Task to complete
All lines in the records below with the word "little" must be returned.

Dataset items:
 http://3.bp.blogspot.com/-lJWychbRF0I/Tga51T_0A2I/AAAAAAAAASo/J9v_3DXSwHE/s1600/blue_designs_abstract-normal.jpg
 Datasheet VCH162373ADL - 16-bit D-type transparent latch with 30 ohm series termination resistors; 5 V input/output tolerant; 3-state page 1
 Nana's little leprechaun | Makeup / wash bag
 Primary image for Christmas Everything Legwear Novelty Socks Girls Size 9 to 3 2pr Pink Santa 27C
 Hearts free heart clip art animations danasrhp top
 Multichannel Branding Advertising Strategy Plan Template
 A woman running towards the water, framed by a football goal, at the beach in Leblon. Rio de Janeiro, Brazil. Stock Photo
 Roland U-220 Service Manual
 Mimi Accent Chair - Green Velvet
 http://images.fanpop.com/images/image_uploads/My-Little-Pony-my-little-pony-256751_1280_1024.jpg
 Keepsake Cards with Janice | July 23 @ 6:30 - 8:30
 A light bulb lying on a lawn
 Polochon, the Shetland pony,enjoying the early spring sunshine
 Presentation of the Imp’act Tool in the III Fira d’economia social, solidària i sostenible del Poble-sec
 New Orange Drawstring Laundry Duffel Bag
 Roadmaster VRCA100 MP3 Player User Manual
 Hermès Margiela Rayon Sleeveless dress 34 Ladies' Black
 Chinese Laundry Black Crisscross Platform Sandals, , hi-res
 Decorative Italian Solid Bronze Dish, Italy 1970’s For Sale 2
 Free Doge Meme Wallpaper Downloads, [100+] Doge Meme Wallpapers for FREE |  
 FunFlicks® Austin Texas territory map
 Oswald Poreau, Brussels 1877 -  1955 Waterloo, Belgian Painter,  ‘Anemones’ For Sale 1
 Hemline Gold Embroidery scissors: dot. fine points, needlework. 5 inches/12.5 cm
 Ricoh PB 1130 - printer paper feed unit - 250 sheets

Response
 Nana's little leprechaun | Makeup / wash bag
 http://images.fanpop.com/images/image_uploads/My-Little-Pony-my-little-pony-256751_1280_1024.jpg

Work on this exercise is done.